The key to growth, according to Robert Solow (read Growth Theory: An Exposition) is technology. Investment is only about a third of the causation behind growth. The problem is, that aid organizations dump funds, theoretically, for investment-- though most or all of it goes to immediate consumption-- and this leads to zero growth. Even with high investment, countries cannot grow because they are missing 2/3 of their growth recipe. This 2/3, according to Solow, is contributed to technology. Unfortunately, access to technological change is not available in many countries with already slow or even negative growth rates.

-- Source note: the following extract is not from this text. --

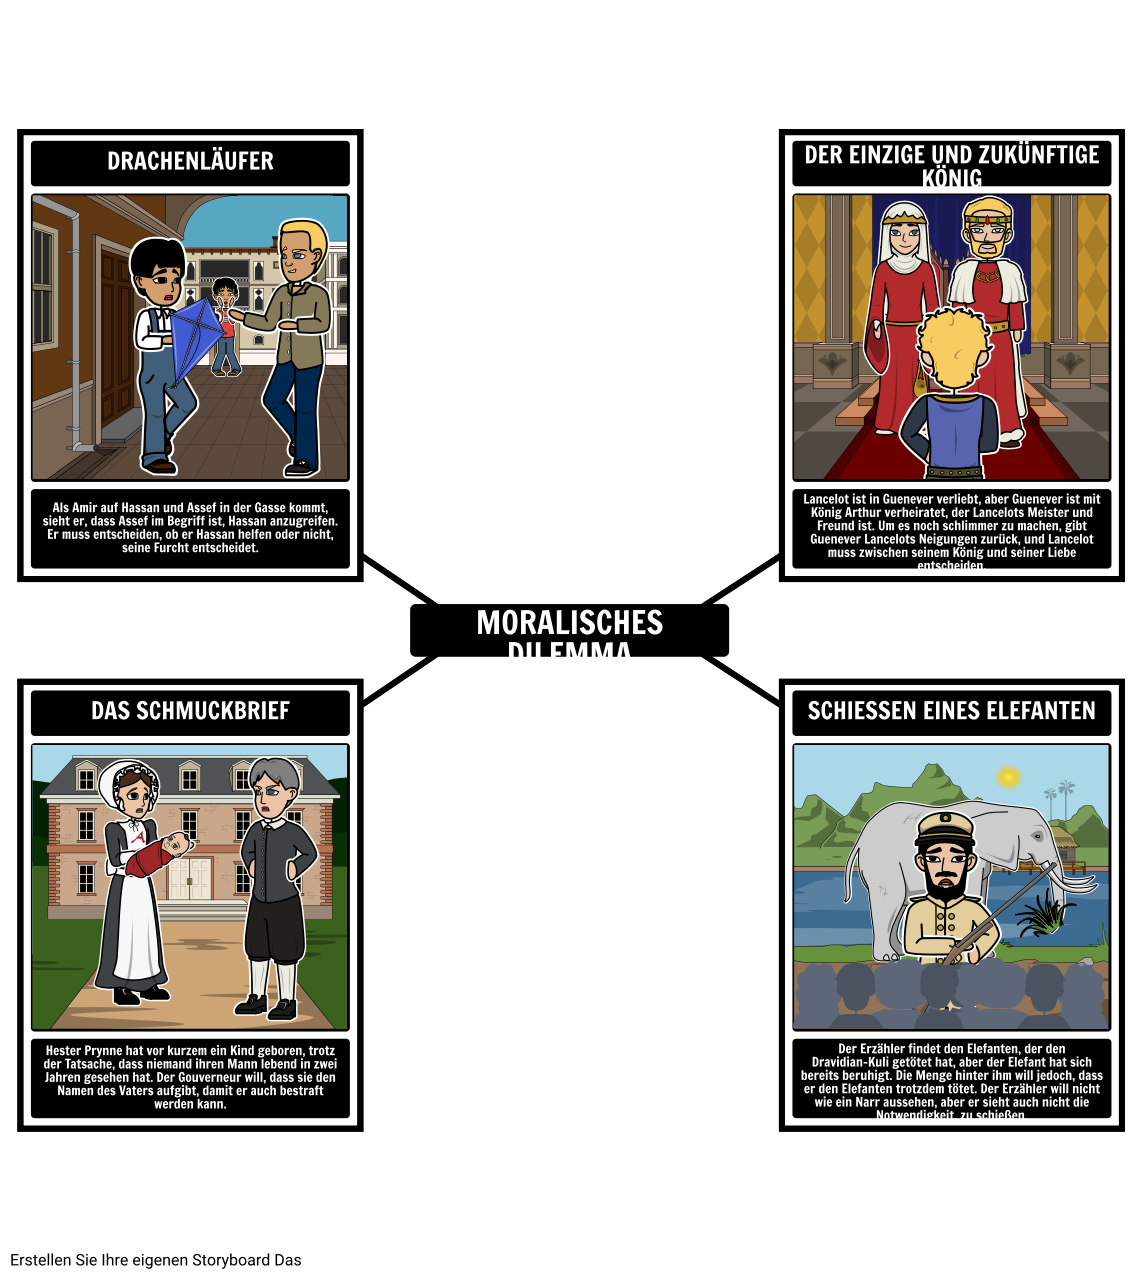 Dilemma Beispiele Definitionsvorlage Storyboard 2
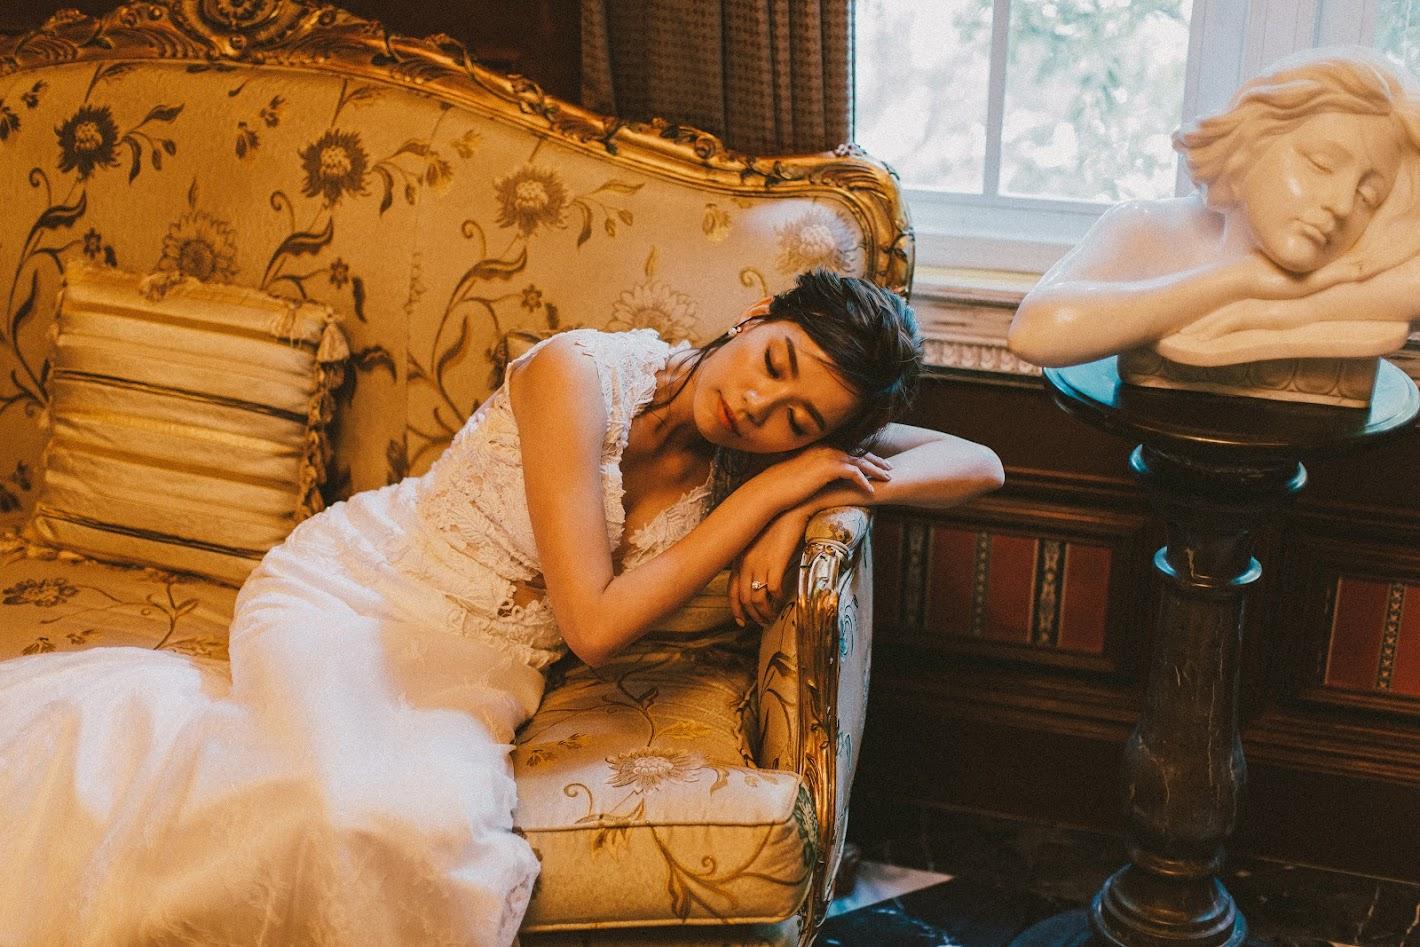 老英格蘭 婚紗,AG美式婚紗,AG自助婚紗,Fine art婚紗,自主婚紗,女婚攝 主郁,美式婚禮攝影,美式婚禮紀錄,婚禮紀實,Amazing Grace攝影美學,台中自助婚紗推薦,自然清新 婚紗

It's a shame that the IMF and World Bank do not acknowledge a different theory of growth besides outdated and evidently wrong theories. Although it is very easy to continue business as usual, particularly when it looks so good. Treatment of AIDS, for example, looks much more admirable than prevention. Prevention involves birth control and family planning-- which have most definitely been pushed aside by the Bush administration, if not the rest of the world. Unfortunately, what we are dealing with is not numbers and data and theories. It is the lives and suffering of people who do NOT have what you have, and do NOT know what it is like to always have food and always have a safe place to go to sleep at night. It may sound clicheed, but it shouldn't. It should give you chills. It should make you want to do something, to be outraged. At the very least, be the most grateful you can possibly be if your situation is better than most of the world's, and you never have to worry about your children starving in front of you.